What you have to do:
Would you restate the full listing word for word and omit its pictures?

Information shown:

————————

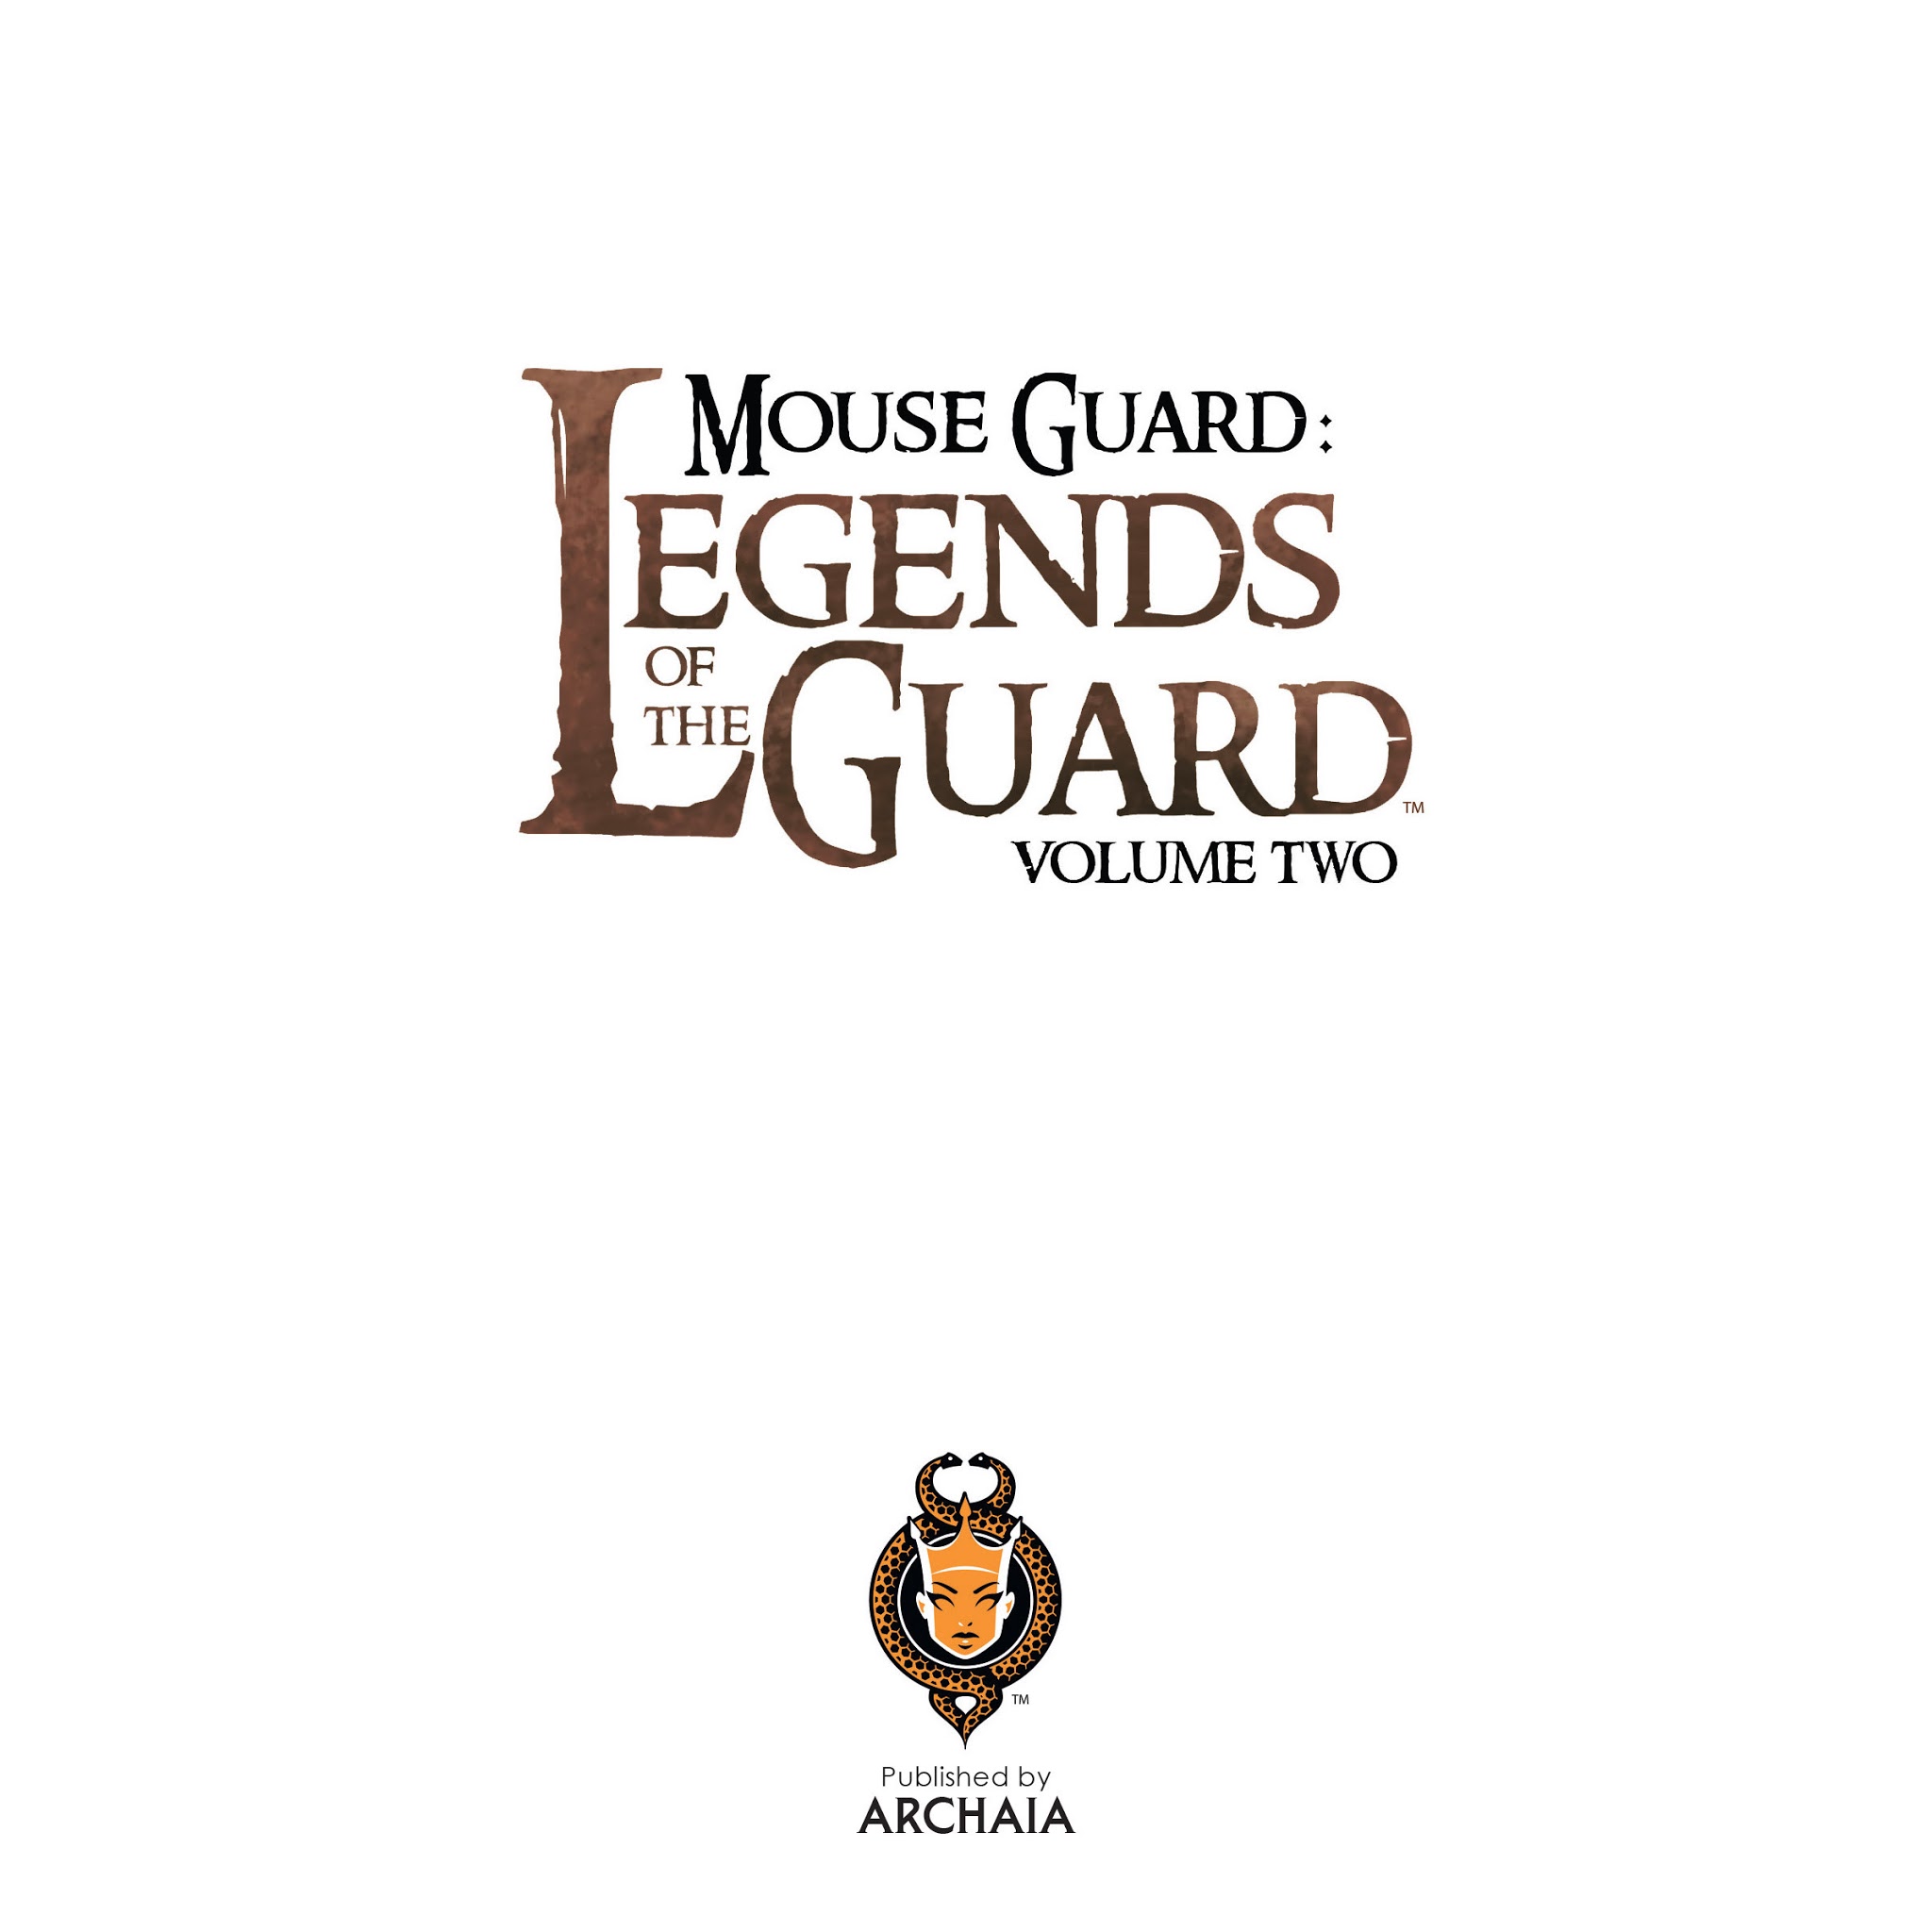 Read online Mouse Guard: Legends of the Guard Volume Two comic -  Issue # TPB - 4
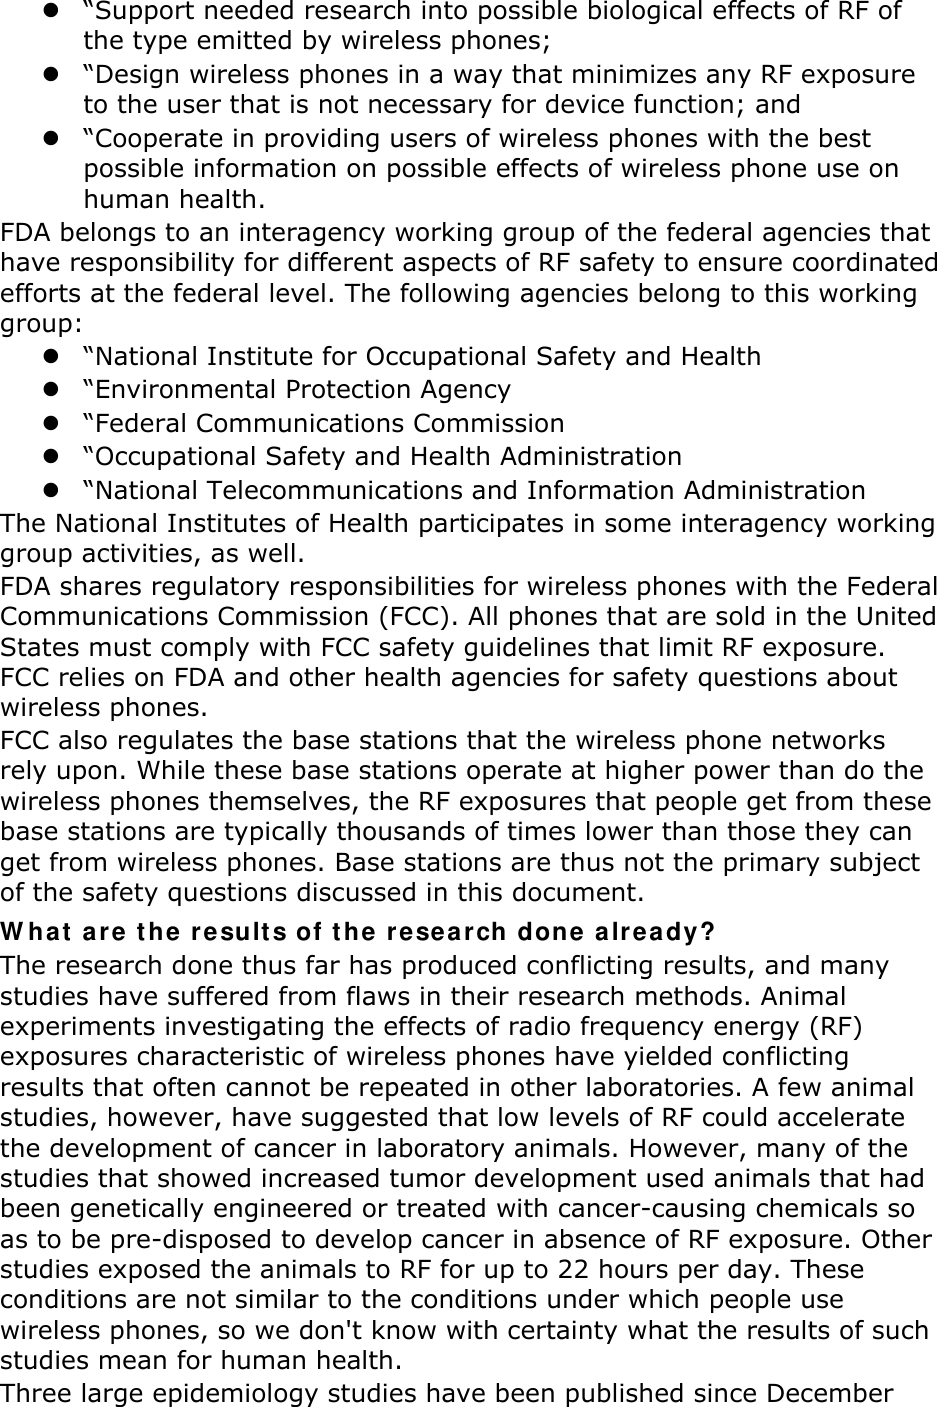 z “Support needed research into possible biological effects of RF of the type emitted by wireless phones; z “Design wireless phones in a way that minimizes any RF exposure to the user that is not necessary for device function; and z “Cooperate in providing users of wireless phones with the best possible information on possible effects of wireless phone use on human health. FDA belongs to an interagency working group of the federal agencies that have responsibility for different aspects of RF safety to ensure coordinated efforts at the federal level. The following agencies belong to this working group: z “National Institute for Occupational Safety and Health z “Environmental Protection Agency z “Federal Communications Commission z “Occupational Safety and Health Administration z “National Telecommunications and Information Administration The National Institutes of Health participates in some interagency working group activities, as well. FDA shares regulatory responsibilities for wireless phones with the Federal Communications Commission (FCC). All phones that are sold in the United States must comply with FCC safety guidelines that limit RF exposure. FCC relies on FDA and other health agencies for safety questions about wireless phones. FCC also regulates the base stations that the wireless phone networks rely upon. While these base stations operate at higher power than do the wireless phones themselves, the RF exposures that people get from these base stations are typically thousands of times lower than those they can get from wireless phones. Base stations are thus not the primary subject of the safety questions discussed in this document. What are the results of the research done already? The research done thus far has produced conflicting results, and many studies have suffered from flaws in their research methods. Animal experiments investigating the effects of radio frequency energy (RF) exposures characteristic of wireless phones have yielded conflicting results that often cannot be repeated in other laboratories. A few animal studies, however, have suggested that low levels of RF could accelerate the development of cancer in laboratory animals. However, many of the studies that showed increased tumor development used animals that had been genetically engineered or treated with cancer-causing chemicals so as to be pre-disposed to develop cancer in absence of RF exposure. Other studies exposed the animals to RF for up to 22 hours per day. These conditions are not similar to the conditions under which people use wireless phones, so we don&apos;t know with certainty what the results of such studies mean for human health. Three large epidemiology studies have been published since December 
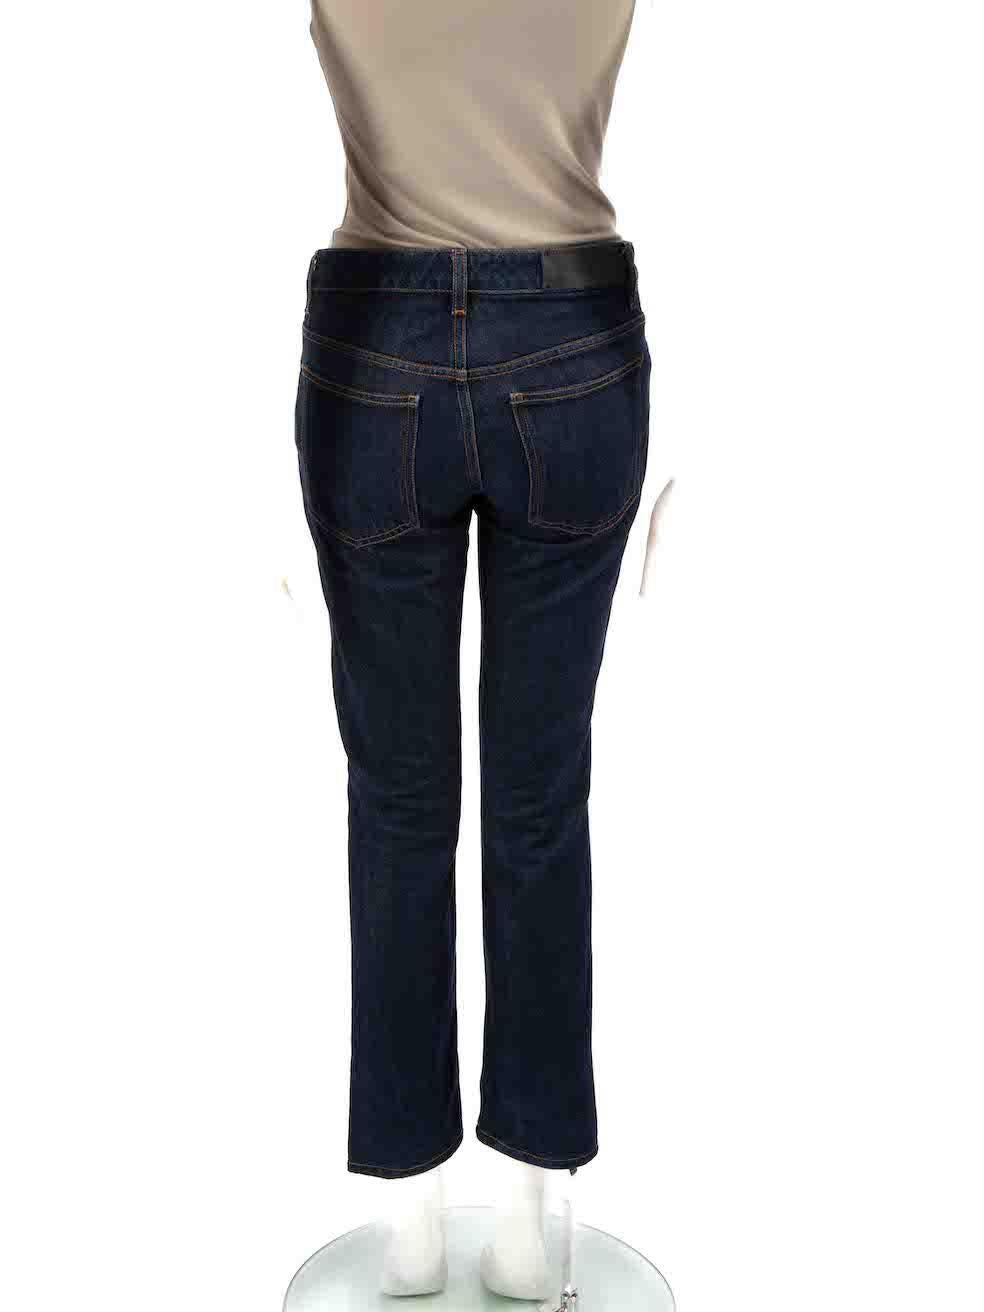 Victoria Beckham Blue Denim Low-Rise Slim Jeans Size S In Good Condition For Sale In London, GB

————————

Finished task:
 Read online Mouse Guard: Legends of the Guard Volume Two comic -  Issue # TPB - 4
 z “Support needed research into possible biological effects of RF of the type emitted by wireless phones; z “Design wireless phones in a way that minimizes any RF exposure to the user that is not necessary for device function; and z “Cooperate in providing users of wireless phones with the best possible information on possible effects of wireless phone use on human health. FDA belongs to an interagency working group of the federal agencies that have responsibility for different aspects of RF safety to ensure coordinated efforts at the federal level. The following agencies belong to this working group: z “National Institute for Occupational Safety and Health z “Environmental Protection Agency z “Federal Communications Commission z “Occupational Safety and Health Administration z “National Telecommunications and Information Administration The National Institutes of Health participates in some interagency working group activities, as well. FDA shares regulatory responsibilities for wireless phones with the Federal Communications Commission (FCC). All phones that are sold in the United States must comply with FCC safety guidelines that limit RF exposure. FCC relies on FDA and other health agencies for safety questions about wireless phones. FCC also regulates the base stations that the wireless phone networks rely upon. While these base stations operate at higher power than do the wireless phones themselves, the RF exposures that people get from these base stations are typically thousands of times lower than those they can get from wireless phones. Base stations are thus not the primary subject of the safety questions discussed in this document. What are the results of the research done already? The research done thus far has produced conflicting results, and many studies have suffered from flaws in their research methods. Animal experiments investigating the effects of radio frequency energy (RF) exposures characteristic of wireless phones have yielded conflicting results that often cannot be repeated in other laboratories. A few animal studies, however, have suggested that low levels of RF could accelerate the development of cancer in laboratory animals. However, many of the studies that showed increased tumor development used animals that had been genetically engineered or treated with cancer-causing chemicals so as to be pre-disposed to develop cancer in absence of RF exposure. Other studies exposed the animals to RF for up to 22 hours per day. These conditions are not similar to the conditions under which people use wireless phones, so we don&apos;t know with certainty what the results of such studies mean for human health. Three large epidemiology studies have been published since December 
 Victoria Beckham Blue Denim Low-Rise Slim Jeans Size S In Good Condition For Sale In London, GB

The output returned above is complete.